Nepal plans to generate 28,500 MW of electricity over the next decade. But current domestic consumption is low; only about 400 kWh per capita annually. While electricity production and grid access are improving, there is still no coherent strategy to increase demand. Clean energy remains overly reliant on hydropower, even though electricity accounts for just 6.8% of Nepal’s total energy use.
The country’s reliance on fossil fuels, especially for cooking, transport, rural areas, and industry, is compounded by an unreliable grid and seasonal shortages. This complicates the path to meeting Nepal’s 2045 net-zero target. Although the 430 billion cubic meters of methane discovered in Dailekh offers energy security potential, it risks diverting focus and resources from long-term clean energy goals. To achieve decarbonization, Nepal must electrify key sectors using clean energy solutions like solar, biogas and energy storage. This also requires modernizing the grid and embracing smart technologies.
A Fossil-Fuel Heavy Mix
Nepal’s energy mix leans heavily on traditional and fossil-based sources, creating a gap between its renewable energy ambitions and current reality. Bioenergy, mostly firewood and agricultural residue, accounts for 66.7% of total energy consumption. Oil and coal make up 20.2% and 6.3%, respectively, contributing to 16.68 million tons of CO2 emissions. Modern renewables like hydropower and solar supply just 6.8%.
The residential sector uses 61.5% of total energy, mostly from biofuels, posing both health risks and signs of persistent energy poverty. Transport is almost entirely oil-dependent, responsible for over 50% of oil consumption and 37.7% of CO2 emissions. Industry, powered by coal and oil, remains the largest overall emitter.
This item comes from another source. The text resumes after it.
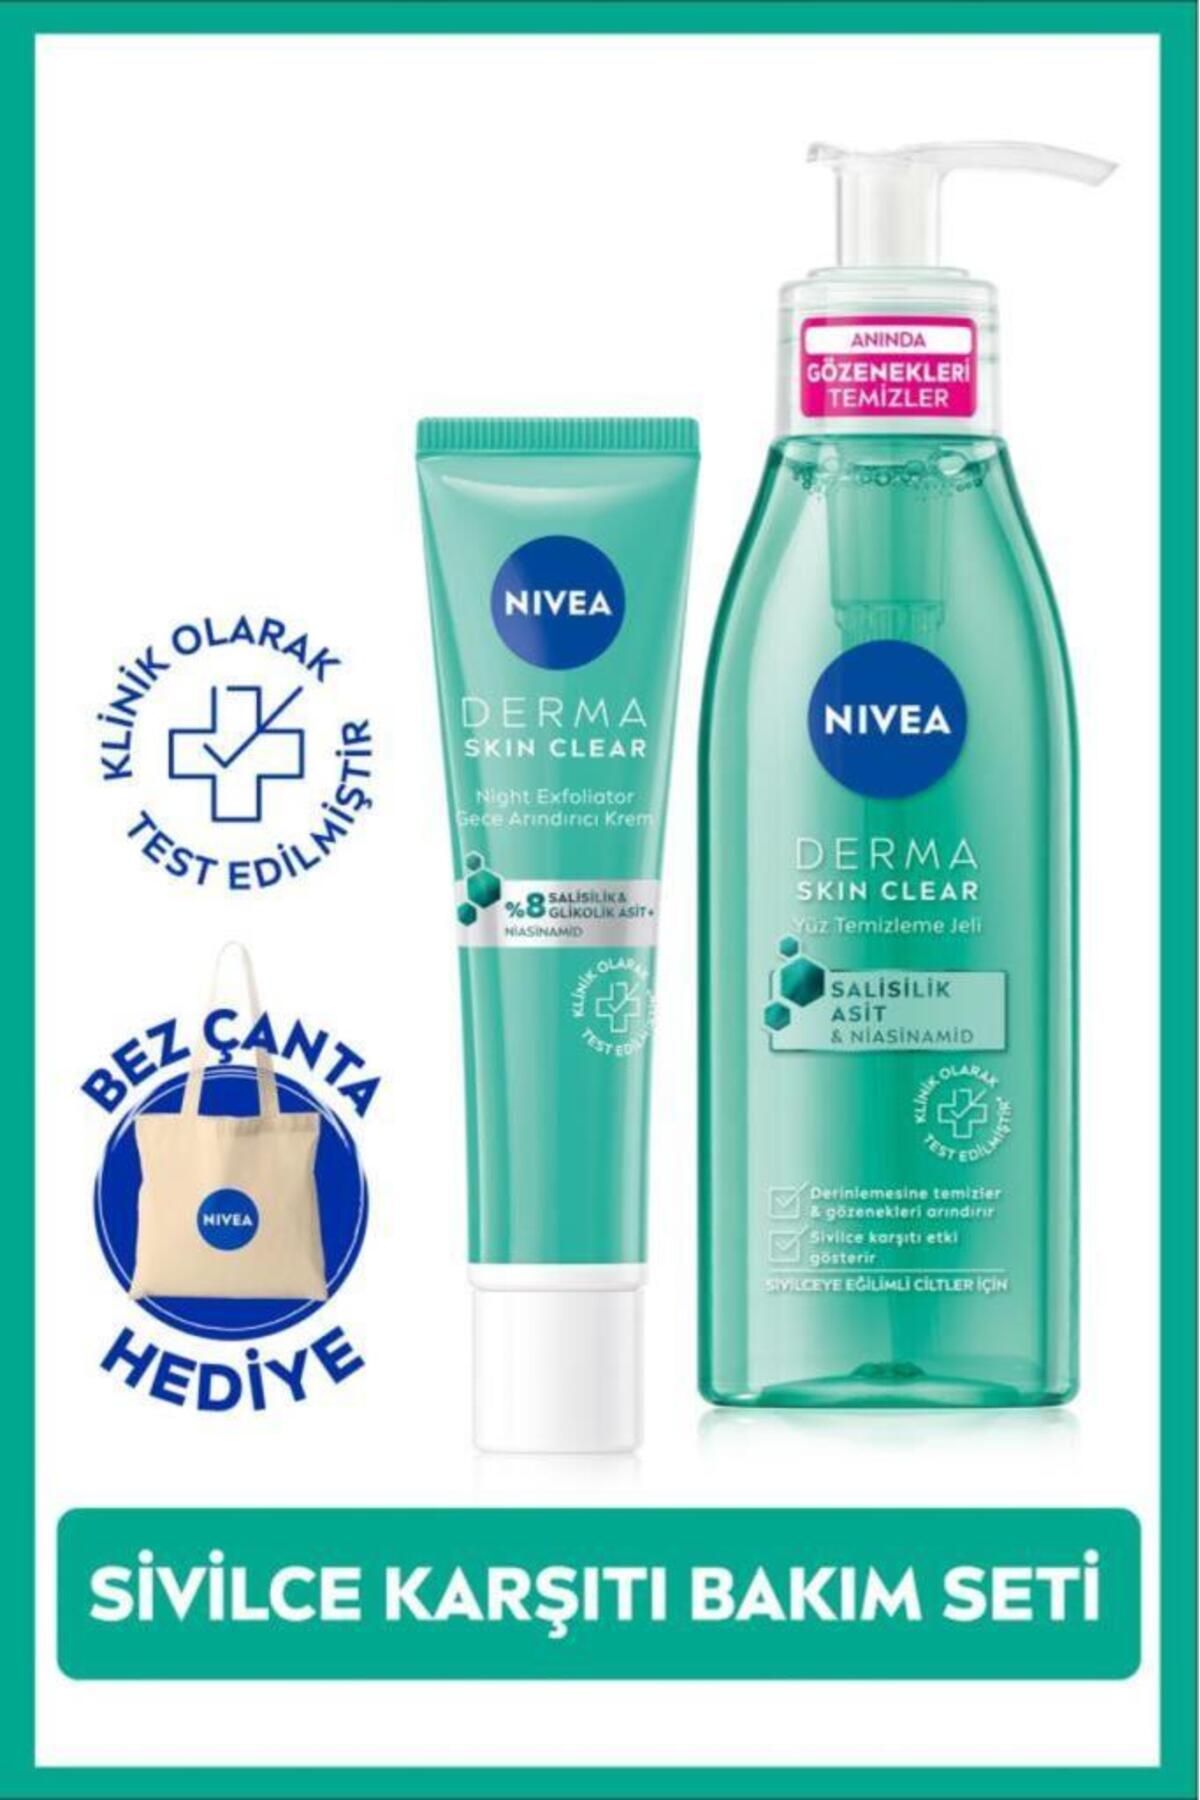 NIVEA Derma Skin Clear Sivilce Karşıtı Yüz Temizleme Jeli 150ml Ve Gece Kremi 40ml,bez Çanta Hediye

Thinking Beyond Hydropower
Nepal’s reliance on run-of-river hydropower creates seasonal imbalances. Excess electricity during the monsoon is exported, while winter shortages force the country to import electricity from India. This seasonal cycle exposes the energy system to both climate and geopolitical risks. Political tensions, like India's unofficial blockade on Nepal, can disrupt fuel imports, highlighting the risks of overdependence on external sources.
In dry season, the Nepal Electricity Authority (NEA) generates just 1,100 MW of its 3,200 MW capacity, forcing the country to depend on expensive imports. Meanwhile, low domestic demand and transmission limitations caused a waste of Rs 4.46 billion worth of electricity during the rainy season. Nepal requires a diversified energy mix, including biogas, solar, and Peak Run of River (PRoR) and storage hydropower projects that can adapt to natural river flow fluctuations to address these imbalances.
NEA is already advancing 10,301 MW in power purchase agreements focused on PRoR and storage projects. However, climate disasters expose the system’s fragility. In September 2024, floods caused over Rs 3 billion in damages and disrupted 626 MW across 11 projects. In Rasuwa, recent floods shut down 6–7 projects with a combined capacity of over 250 MW.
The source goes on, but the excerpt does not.